396. The third kind of people whom our Spaniards found in this archipelago were the civilized nations, who maintained their government or seigniory on the river banks, on the seashores, and in the other sites with the best locations in these regions, and in the locations most fit for healthful and safe dwelling-places. Among them there was another remarkable class of people, and their domination, scattered throughout the many islands of this archipelago, the chief of whom are the Tagálogs, Pampangos, Visayans, and Mindanaos. Other peoples are reduced to these, although they have various distinguishing marks. The Tagálogs, who are the natives of Manila and its archbishopric, with but little distance between their villages, were Malays, who came from a district called Malàyo; that is the origin of all the Malays, who are scattered throughout the most and the better parts of all these archipelagoes. They are located on the mainland of Malâca, and as that district is not far distant from the great island of Bornèy, it is inferred (and this tradition has been handed down from father to son), that the Malays went to Bornèy, and from Bornèy to settle Manila and its district; taking the name of Tagàlog—which is the same as Taga Ylog, which signifies, in their own language, “those who live on the rivers;” for the Tagálogs have always lived on the shores of the rivers.

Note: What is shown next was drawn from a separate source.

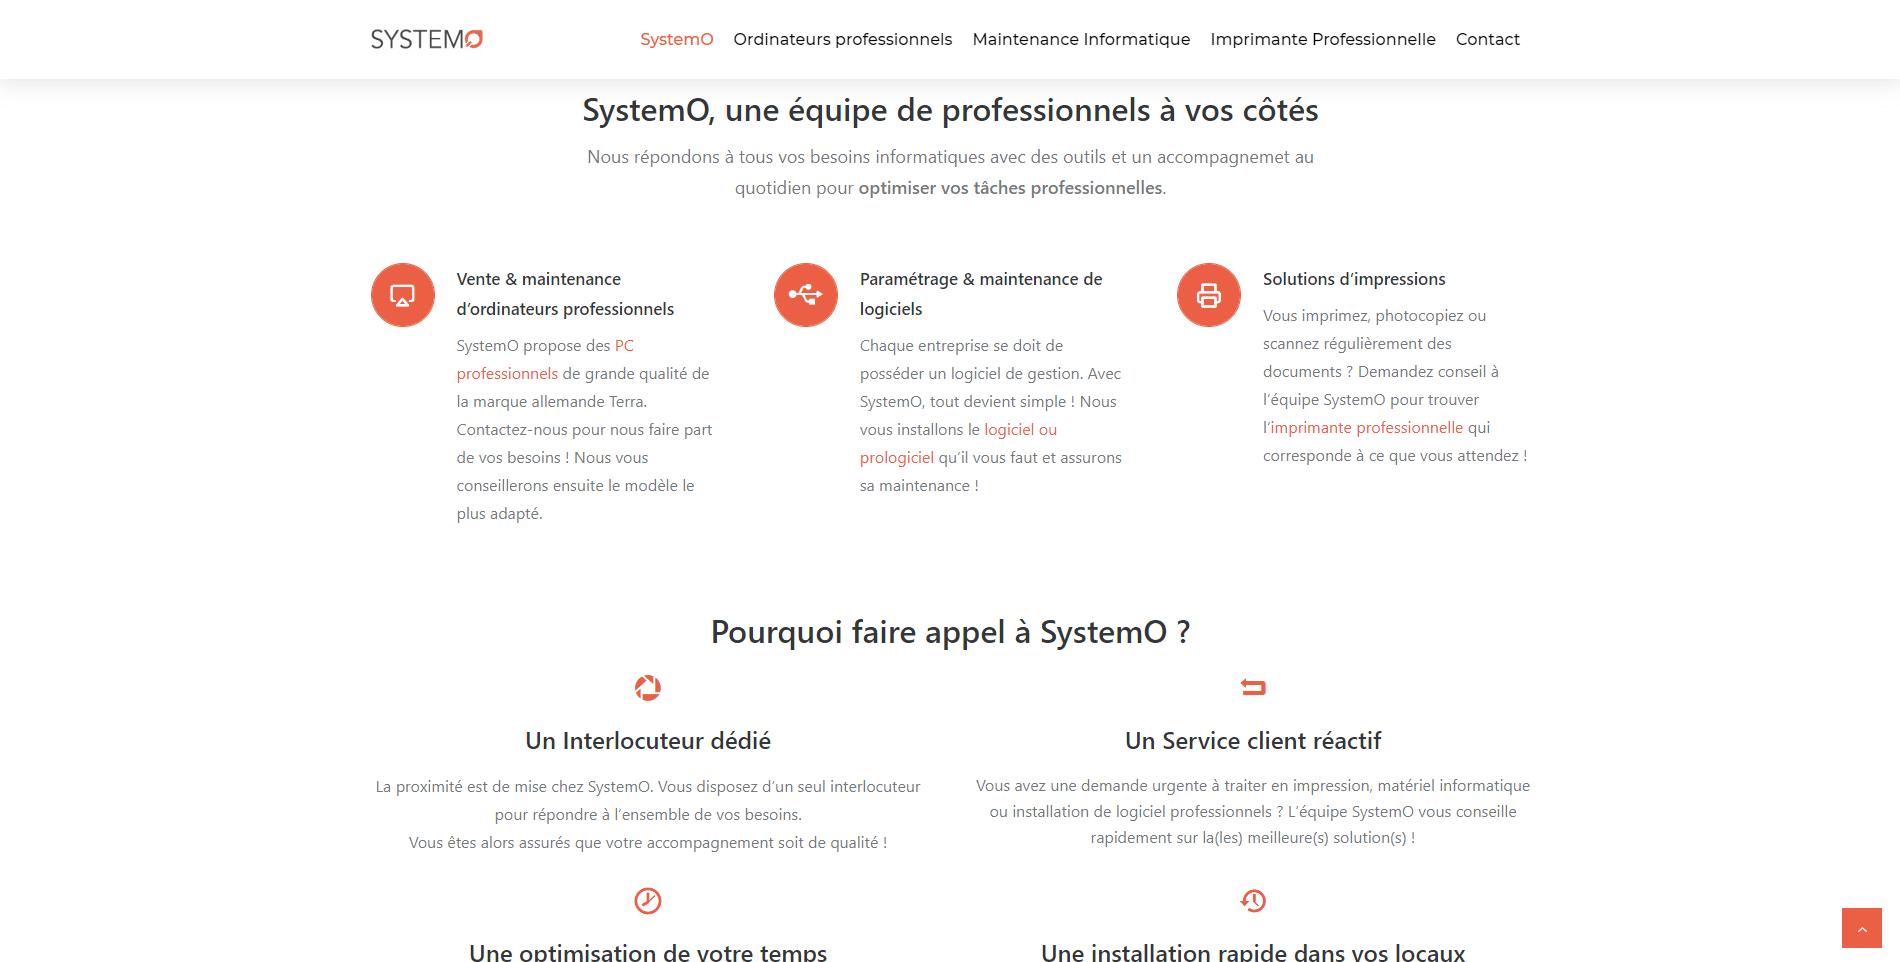 Systemo est un client de l'agence web Karedess, agence web situé à Mulhouse

397. That the Tagálogs originated directly from the Malays, is proved (in the opinion of all) by their language, which differs but little from that of the real Malays; by their color, and the shape of their faces and their bodies; by the clothes and vesture in which the Spanish conquistadors found them; by their customs and ceremonies, all of which resemble those of the Malays—of whom the Tagálogs themselves said, and say always, that they are the true descendants. The coming of the Malays to this archipelago is not incredible, as we have so many examples of various accidents in these seas which have originated from the weather, by which we have seen brought to these islands unknown peoples, who spoke languages which no one could understand. For instance, a boat driven from its course, landed in the year 1725 on the opposite coast of Valèr and Casigùran, where our religious were in charge; it contained more than twenty men, whose language or garb had not been known until that time. But it is much more easily credible that the Malays came to these islands led by greed for their commercial profits—as, one reads in the histories of the Portuguese, happened in the regions of India with the Persians and Arab Moros, who, having entered under the pretext of trade, afterwards became masters of everything. The same thing is said here of the entrance of the Moro Malays.